I am working on solving another problem here: Fill in time series gaps with both LCOF and NOCB methods but acknowledge breaks in time series and it raised a new issue.
I have a time series dataset with missing data (NA).
> str(final_daily_intake2)
'data.frame': 387 obs. of 11 variables:
$ Date : chr "2014-08-13" "2014-08-14" "2014-08-15" "2014-08-16" ...
$ MEID.1 : chr NA NA NA "14" ...
$ MEID.2 : Factor w/ 184 levels "1","100","100.1",..: NA NA NA 143 48 NA NA NA NA NA ...

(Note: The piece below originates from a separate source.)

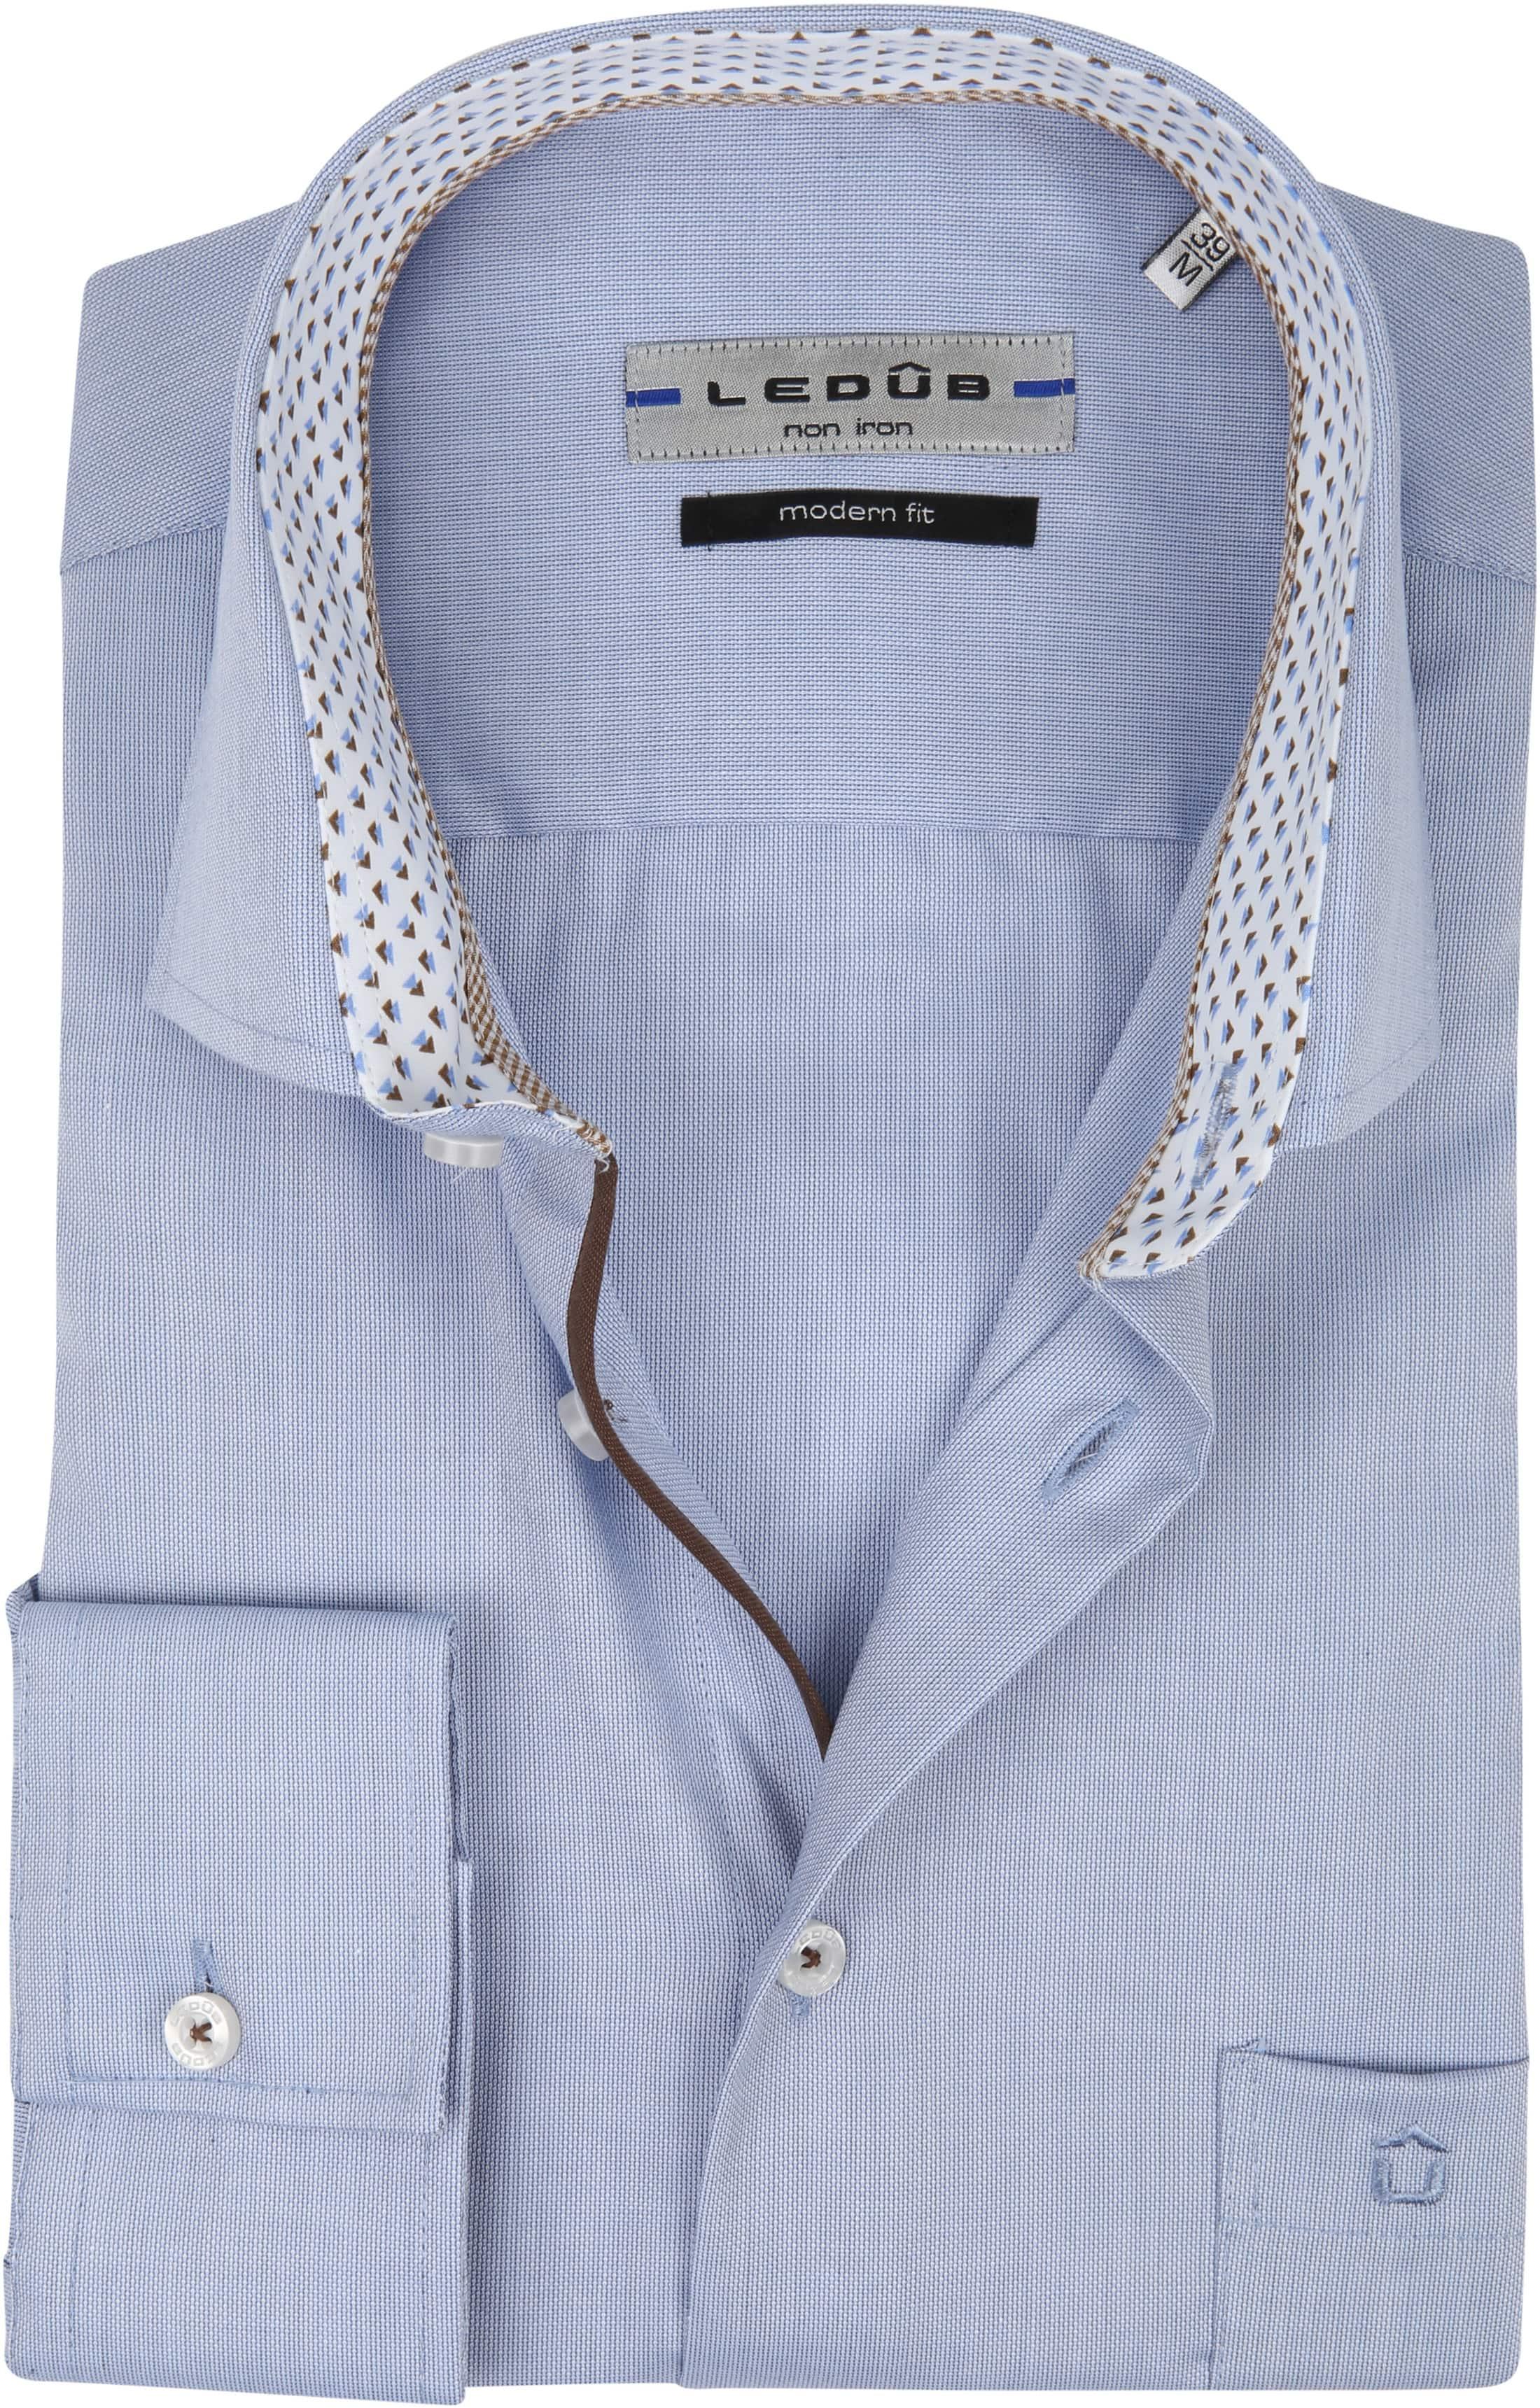 Ledub Overhemd MF Non Iron Blauw foto 0

$ MEID.3 : Factor w/ 180 levels "100","100.1",..: NA NA NA 24 134 NA NA NA NA NA ...
$ MEID.4 : Factor w/ 42 levels "173","173a","173b",..: NA NA NA 17 1 NA NA NA NA NA ...
$ MEID.5 : Factor w/ 3 levels "d1","s1","s2": NA NA NA 2 3 NA NA NA NA NA ...
$ MEID.6 : Factor w/ 1 level "s2": NA NA NA NA NA NA NA NA NA NA ...
$ DAYT : int NA NA NA 1 8 NA NA NA NA NA ...
$ DATT : int NA NA NA 1 1 NA NA NA NA NA ...
$ Reason.For.Change: chr "0" "0" "0" "0" ...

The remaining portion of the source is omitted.